• _Directions for this task_
One number is the whole answer: how many lines of the records include "Color".

• _Working data_
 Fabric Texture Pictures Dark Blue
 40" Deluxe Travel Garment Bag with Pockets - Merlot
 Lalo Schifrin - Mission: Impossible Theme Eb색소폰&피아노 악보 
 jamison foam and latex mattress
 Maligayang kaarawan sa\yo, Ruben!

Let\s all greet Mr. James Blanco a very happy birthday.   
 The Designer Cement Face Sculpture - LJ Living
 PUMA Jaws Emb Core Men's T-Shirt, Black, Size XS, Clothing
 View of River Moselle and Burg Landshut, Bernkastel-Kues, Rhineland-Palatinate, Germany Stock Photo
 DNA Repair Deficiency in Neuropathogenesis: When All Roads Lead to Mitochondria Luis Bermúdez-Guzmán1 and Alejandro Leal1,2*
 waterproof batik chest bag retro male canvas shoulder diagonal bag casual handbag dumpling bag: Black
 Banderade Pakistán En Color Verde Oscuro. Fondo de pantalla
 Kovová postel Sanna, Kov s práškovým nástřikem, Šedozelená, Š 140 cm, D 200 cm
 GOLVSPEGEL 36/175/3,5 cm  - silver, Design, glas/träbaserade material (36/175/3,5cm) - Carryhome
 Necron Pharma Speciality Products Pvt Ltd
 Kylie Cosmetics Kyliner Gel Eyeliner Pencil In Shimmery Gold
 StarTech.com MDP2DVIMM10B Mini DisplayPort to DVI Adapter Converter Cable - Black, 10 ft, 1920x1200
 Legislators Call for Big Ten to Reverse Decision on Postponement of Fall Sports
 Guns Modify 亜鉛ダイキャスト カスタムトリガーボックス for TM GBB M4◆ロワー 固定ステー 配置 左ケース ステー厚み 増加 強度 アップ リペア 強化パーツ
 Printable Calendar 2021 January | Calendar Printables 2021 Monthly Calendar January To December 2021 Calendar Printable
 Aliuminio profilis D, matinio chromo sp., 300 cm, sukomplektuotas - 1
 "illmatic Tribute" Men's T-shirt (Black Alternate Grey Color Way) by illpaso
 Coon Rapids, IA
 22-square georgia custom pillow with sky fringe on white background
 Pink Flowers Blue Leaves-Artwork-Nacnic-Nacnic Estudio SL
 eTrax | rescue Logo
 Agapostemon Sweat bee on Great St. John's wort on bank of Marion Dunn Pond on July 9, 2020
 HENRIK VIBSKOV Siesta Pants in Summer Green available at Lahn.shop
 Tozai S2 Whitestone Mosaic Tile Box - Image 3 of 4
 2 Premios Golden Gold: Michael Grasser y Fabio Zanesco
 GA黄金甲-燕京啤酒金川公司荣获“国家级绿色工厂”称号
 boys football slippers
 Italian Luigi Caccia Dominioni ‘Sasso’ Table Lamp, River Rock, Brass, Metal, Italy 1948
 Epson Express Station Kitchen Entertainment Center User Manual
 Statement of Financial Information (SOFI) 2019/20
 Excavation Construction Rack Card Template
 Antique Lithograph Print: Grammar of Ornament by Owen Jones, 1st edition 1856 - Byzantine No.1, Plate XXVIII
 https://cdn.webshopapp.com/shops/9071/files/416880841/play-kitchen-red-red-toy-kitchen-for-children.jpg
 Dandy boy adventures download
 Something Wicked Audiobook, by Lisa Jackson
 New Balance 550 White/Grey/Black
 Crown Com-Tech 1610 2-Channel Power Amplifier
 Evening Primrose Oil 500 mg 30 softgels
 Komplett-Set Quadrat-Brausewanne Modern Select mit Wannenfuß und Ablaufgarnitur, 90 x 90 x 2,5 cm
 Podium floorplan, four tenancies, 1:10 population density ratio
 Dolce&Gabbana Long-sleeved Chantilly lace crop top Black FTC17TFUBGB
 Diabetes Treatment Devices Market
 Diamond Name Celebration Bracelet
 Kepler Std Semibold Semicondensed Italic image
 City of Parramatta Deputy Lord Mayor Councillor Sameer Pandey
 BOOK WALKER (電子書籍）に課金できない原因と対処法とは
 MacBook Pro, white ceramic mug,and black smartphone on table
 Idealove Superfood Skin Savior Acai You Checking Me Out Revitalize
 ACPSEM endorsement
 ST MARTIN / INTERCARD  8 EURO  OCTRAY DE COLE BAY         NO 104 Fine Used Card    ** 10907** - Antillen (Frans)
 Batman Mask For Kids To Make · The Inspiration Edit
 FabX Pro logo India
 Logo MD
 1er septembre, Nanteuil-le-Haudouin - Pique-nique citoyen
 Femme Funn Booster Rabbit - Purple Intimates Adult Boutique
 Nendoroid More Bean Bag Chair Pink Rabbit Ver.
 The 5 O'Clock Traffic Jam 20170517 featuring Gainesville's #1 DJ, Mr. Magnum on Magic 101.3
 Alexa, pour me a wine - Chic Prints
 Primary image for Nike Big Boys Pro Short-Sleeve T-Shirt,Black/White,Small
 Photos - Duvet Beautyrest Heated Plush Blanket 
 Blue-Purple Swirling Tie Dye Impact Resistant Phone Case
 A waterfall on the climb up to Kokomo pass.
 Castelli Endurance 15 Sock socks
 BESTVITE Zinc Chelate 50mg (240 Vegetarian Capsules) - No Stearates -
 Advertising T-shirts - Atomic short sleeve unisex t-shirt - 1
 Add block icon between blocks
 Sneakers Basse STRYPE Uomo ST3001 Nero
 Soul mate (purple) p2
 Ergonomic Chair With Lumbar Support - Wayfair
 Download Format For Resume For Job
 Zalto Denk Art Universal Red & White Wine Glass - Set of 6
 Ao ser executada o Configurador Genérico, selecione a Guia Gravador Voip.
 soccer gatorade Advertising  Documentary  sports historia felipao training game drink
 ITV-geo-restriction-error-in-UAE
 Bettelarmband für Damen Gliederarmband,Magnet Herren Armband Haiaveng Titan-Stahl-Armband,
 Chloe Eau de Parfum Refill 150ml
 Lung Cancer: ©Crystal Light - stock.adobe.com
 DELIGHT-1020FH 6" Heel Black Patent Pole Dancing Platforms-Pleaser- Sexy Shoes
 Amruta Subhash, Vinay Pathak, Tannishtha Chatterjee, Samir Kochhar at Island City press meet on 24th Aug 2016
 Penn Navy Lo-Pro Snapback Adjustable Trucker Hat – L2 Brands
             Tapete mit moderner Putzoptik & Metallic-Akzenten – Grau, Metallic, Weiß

• _Response to the exercise_
2